In addition to proinflammatory cytokines, anti-inflammatory cytokines have also been shown to be important regulators of wound repair. In particular, the role of IL-10 in the healing response has been studied in some detail. This cytokine is thought to play a major role in the limitation and termination of inflammatory responses. In addition, it regulates growth and/or differentiation of various immune cells, but also of keratinocytes and endothelial cells (190). Based on these activities, a role of IL-10 in wound healing appeared likely.

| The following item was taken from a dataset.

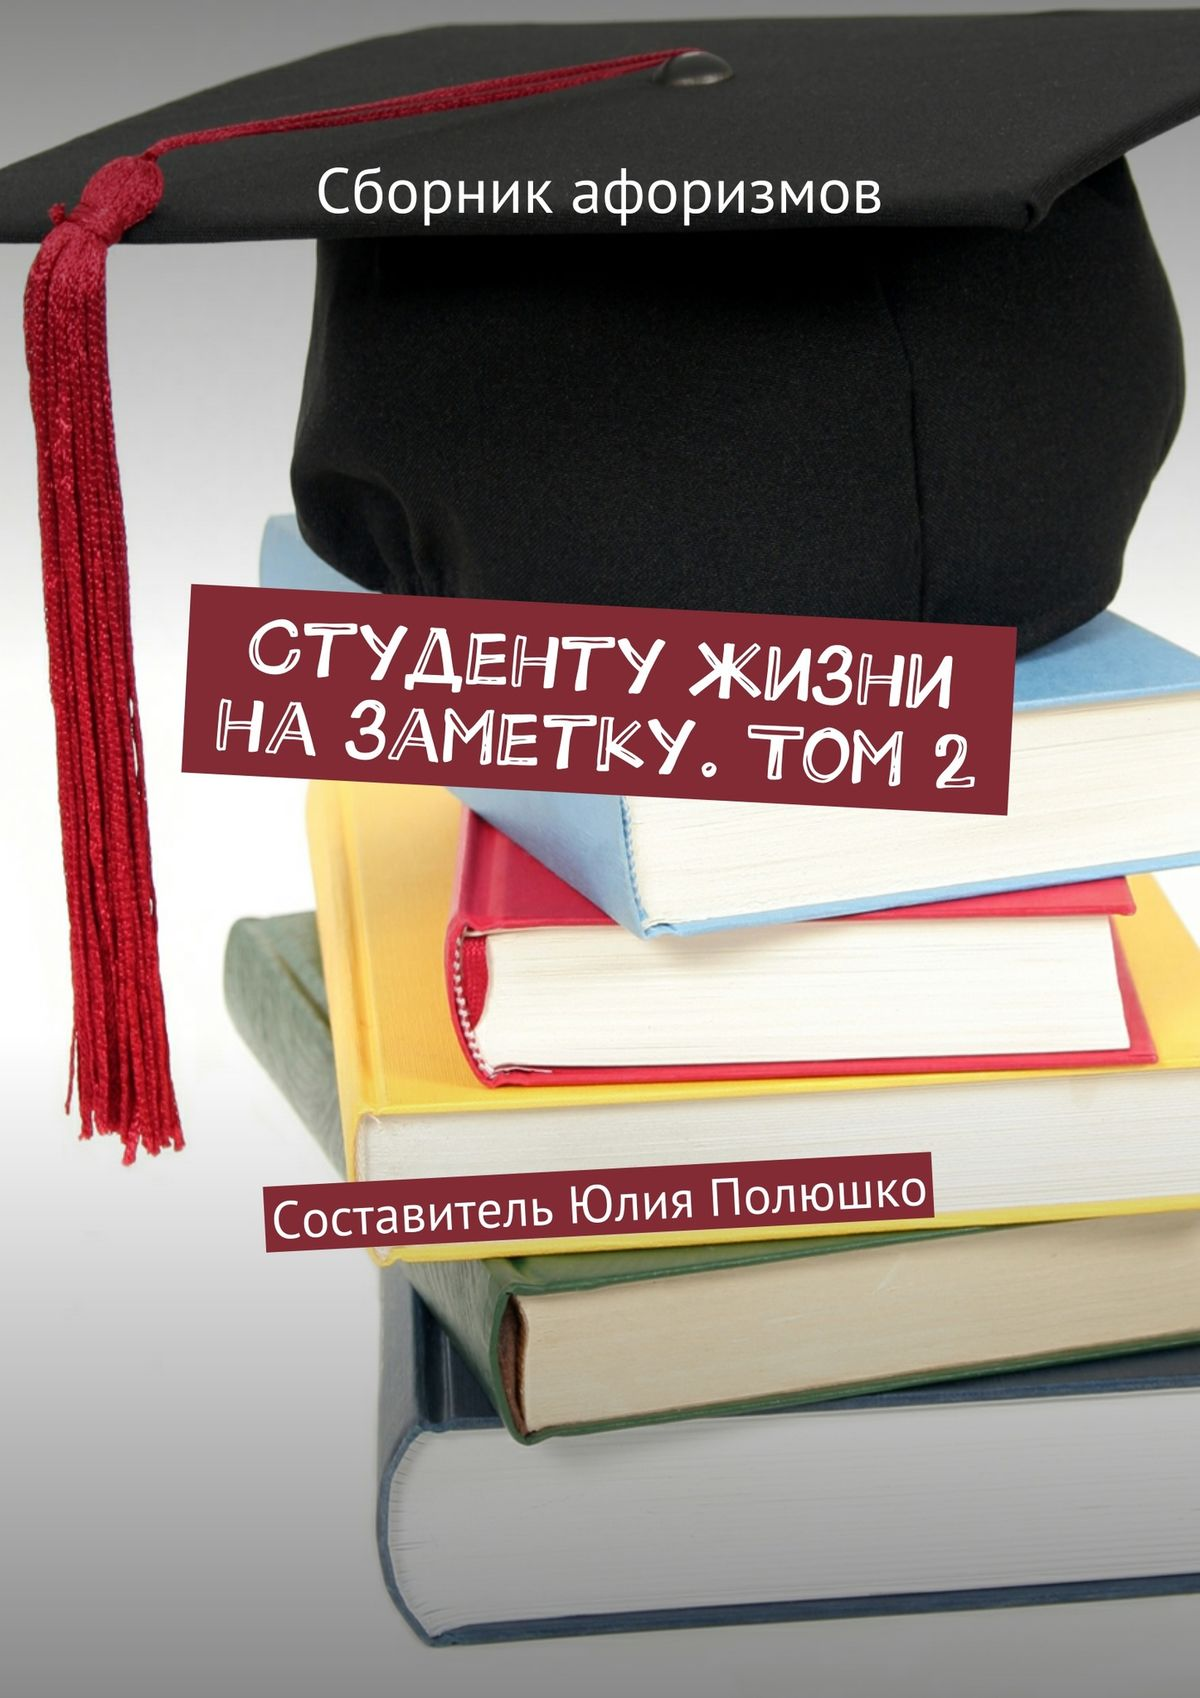 цена на Коллектив авторов Студенту жизни назаметку. Том2

A. Expression of IL-10 at the Wound Site
Two groups determined the expression pattern of this cytokine in the healing wound. Increased levels of IL-10 mRNA were observed after incisional wounding of mice, with a peak at 60 min after injury (202). Using the same wound model, Sato et al. (237) found two peaks of IL-10 expression after injury: an early peak with a maximum at 3 h after wounding and a second peak at day 3 after wounding. Keratinocytes of the wound epidermis and infiltrating mononuclear cells were identified as the major producers of IL-10 mRNA and protein (237). Interestingly, increased expression of IL-10 was shown to be associated with impaired healing, since the levels of this cytokine were strongly increased in human chronic venous insufficiency ulcers compared with autologous donor wound tissue (165).
B. IL-10 Inhibits Inflammation and Scar Formation
To determine the function of IL-10 in wound repair, neutralizing antibodies to this cytokine were applied to incisional mouse wounds. This treatment demonstrated that endogenous IL-10 inhibits the infiltration of neutrophils and macrophages toward the site of injury as well as expression of several chemokines and proinflammatory cytokines (237). In another study, the role of IL-10 in fetal scarless healing was investigated (162). These investigators wounded embryonic skin from IL-10 null mice that had been grafted to strain-matched adult mice. Wounds to control embryonic skin grafts showed little inflammation and normal restoration of the dermal architecture. However, wounded IL-10 null grafts were characterized by a significantly higher inflammatory cell infiltration and collagen deposition and an adultlike scarring response. These results suggest an important role of IL-10 in regulating the expression of proinflammatory cytokines in fetal wounds, leading to reduced matrix deposition and scar-free healing.